Background information
- Origin: Portland, Maine, United States
- Genres: Rock
- Instruments: Guitar; bass guitar; keyboards; drums; baritone sax; trombone; alto sax; tenor sax;
- Years active: 1993–2002, 2007–present
- Labels: Ripcord; Arista; BMG; Tommy Boy; Warner Bros.; Velour;
- Members: Dave Gutter Jon Roods Lucas Desmond Jamie Colpoys Gary Gemmiti Jason Ward
- Past members: Spencer Albee Tony McNaboe Ryan Zoidis Dave Noyes

= Rustic Overtones =

American rock band

Rustic Overtones is an American rock band from Maine, United States, active between 1993 and 2002 and from 2007 to the present. They were the first group to perform live on XM Satellite Radio, and their 2007 album Light at the End was the fastest-selling local disc ever in the state of Maine.

==History==

===Early years: 1993–2002===
Rustic Overtones started in the early 1990s as a three-piece cover band known as Aces Wild with Dave Gutter, Jon Roods, and then-drummer and close friend Matthew Esty, playing small bars. This lineup produced the Smile album. Rustic Overtones gained popularity during the mid to late 1990s in the Portland, Maine, music scene, although it had many self-financed tours throughout the country, mostly the northeastern states. After the release of the band's 1998 album Rooms by the Hour, major record label Arista signed the band spurred on by then-president Clive Davis. The signing led to "Hardest Way Possible," a song from Rooms By The Hour, being featured on the soundtrack of the Rob Schneider film The Animal. Arista hired producer Tony Visconti to produce what became the band's 2001 release, ¡Viva Nueva! However, after disagreements with the label, and a shakeup at Arista that saw the band's primary supporter, Clive Davis, depart, the record deal fell through. The band was shortly picked up afterward by Tommy Boy and released the album in 2001, which featured guest appearances by Funkmaster Flex, Imogen Heap, and David Bowie. However, Tommy Boy's deal with Warner Bros. Records ended in 2002, which once again left the band without a record label. The disappointment of two major record deals falling through proved too much for the band members, and they went their separate ways in 2002. Its final performance was a three-hour show at the State Theatre on May 11, 2002.

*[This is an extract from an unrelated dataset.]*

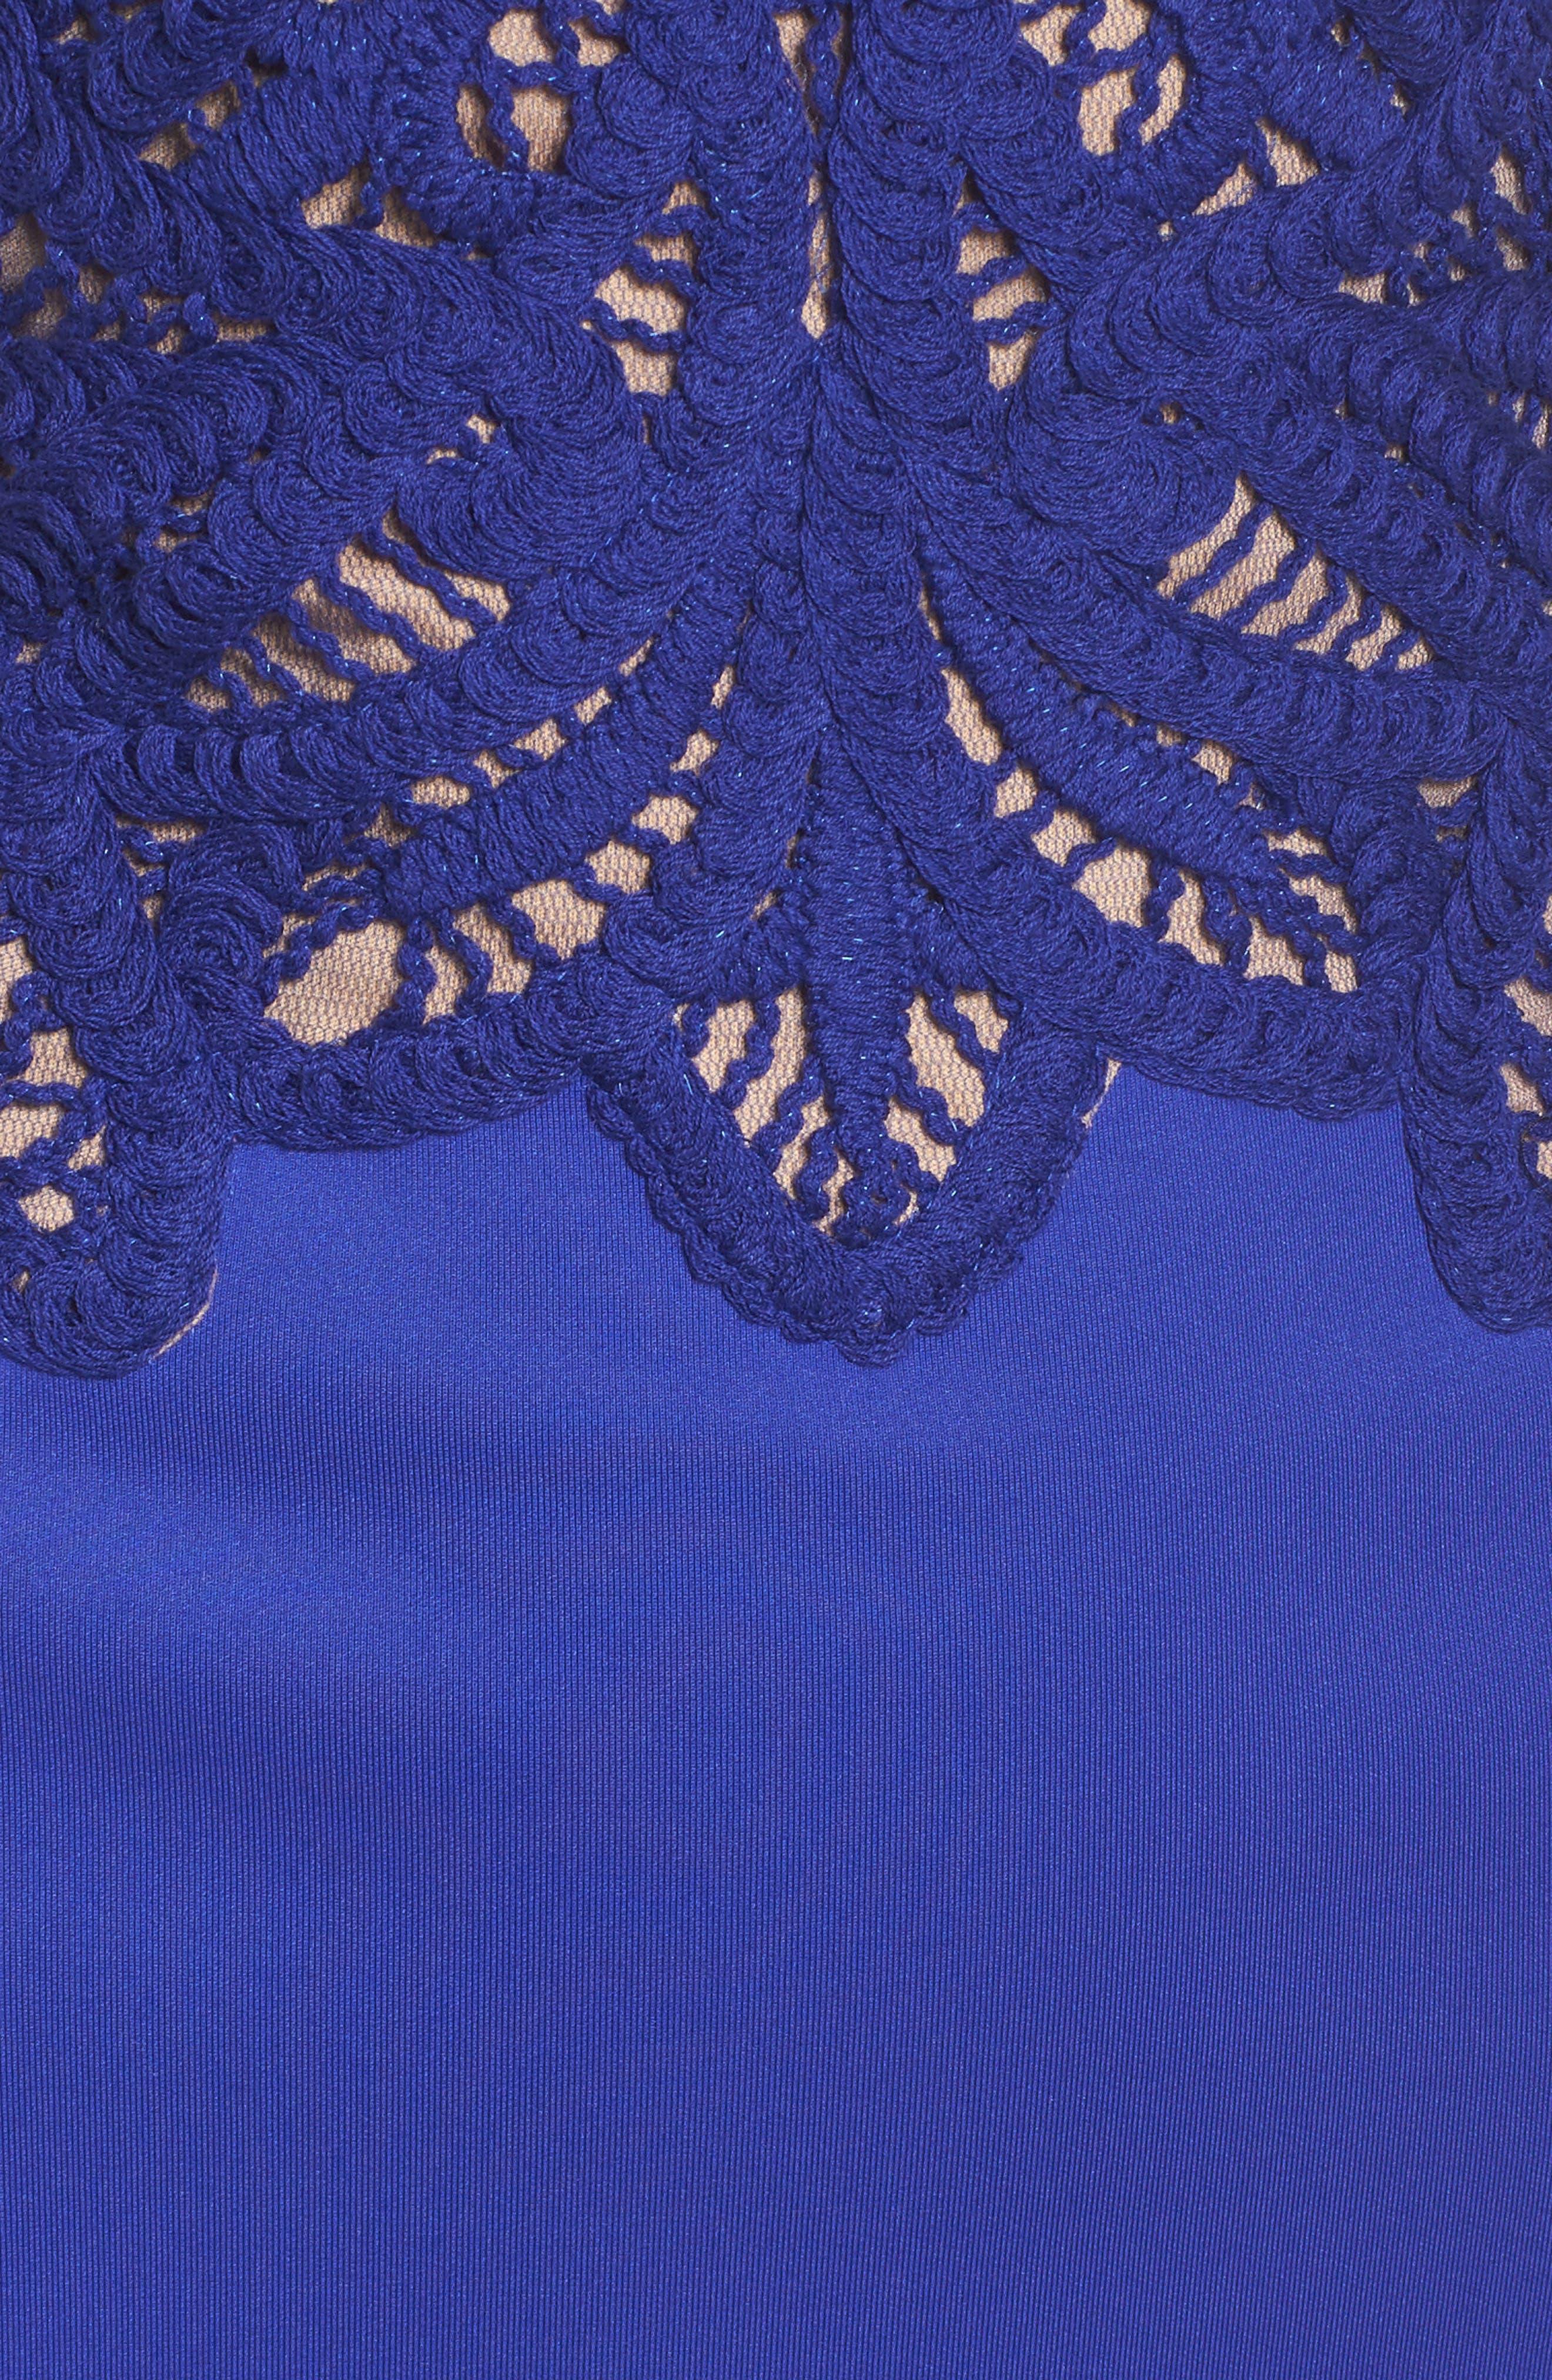 Crochet & Crepe Sheath Dress,                             Alternate thumbnail 5, color,                             404

===Break-up and solo careers: 2002–2007===
During the five years that the Rustic Overtones went their separate ways, most of the band members pursued a side project. Dave Gutter and Jon Roods met up with one-time Overtones drummer Marc Boisvert, and formed Paranoid Social Club, another band that enjoyed success, with its single "Wasted" appearing in the soundtrack to the movie Beerfest. Spencer Albee joined with other local musicians including guitarist Zach Jones, drummer Brian Higgins, and bassist Haché and formed Rocktopus (later As Fast As, replacing Higgins with drummer Andrew Hodgkins), whose album Open Letter to the Damned received a 4.5/5 rating from music critic giant Allmusic. Tony McNaboe served as a touring drummer for Ray LaMontagne, and released an R&B solo album in 2003 entitled Destination. In addition, saxophonist Ryan Zoidis split his time between Lettuce and Soulive, baritone saxophonist Jason Ward played with several local bands, and trombonist Dave Noyes joined local group Seekonk.

===Reunion and Light at the End: 2007–2008===
In early spring of 2007, drummer Tony McNaboe began the process of reuniting the band, calling each former member separately, and telling them that everyone else had already agreed to a reunion. In May 2007, Tony McNaboe, Spencer Albee, and Jon Roods made a surprise announcement on Portland's WCYY that the entire band did indeed plan to reunite, and were in the process of scheduling local reunion shows. On May 29, they announced that they would play two reunion shows at Portland club The Asylum, on July 28 and 29, 2007. In addition, after a month of rumors and gossip, the band also announced that they had been working on a new album of previously unreleased material and newly written music, eventually titled Light at the End, which was released independently in late July 2007 coinciding with the two reunion shows.

Although the band originally made it clear that the reunion would only last for the summer, and the members would turn their attention back to their post-Overtones projects after the two shows and the release of the album, Gutter confirmed in an article for the Portland Press Herald that "reunions will become a regular thing" and that the band is "here to stay." Furthermore, during one of the band's reunion shows, Spencer Albee proclaimed, "we're never going to leave you again, we're sorry". Also, during an interview on a local news station on July 18, 2007, with Gutter and Albee, the two were asked what the future plans are with the band. Gutter responded with "we've got a couple more huge endeavors planned for Rustic Overtones" and Albee stated that "there's no reason to not be together".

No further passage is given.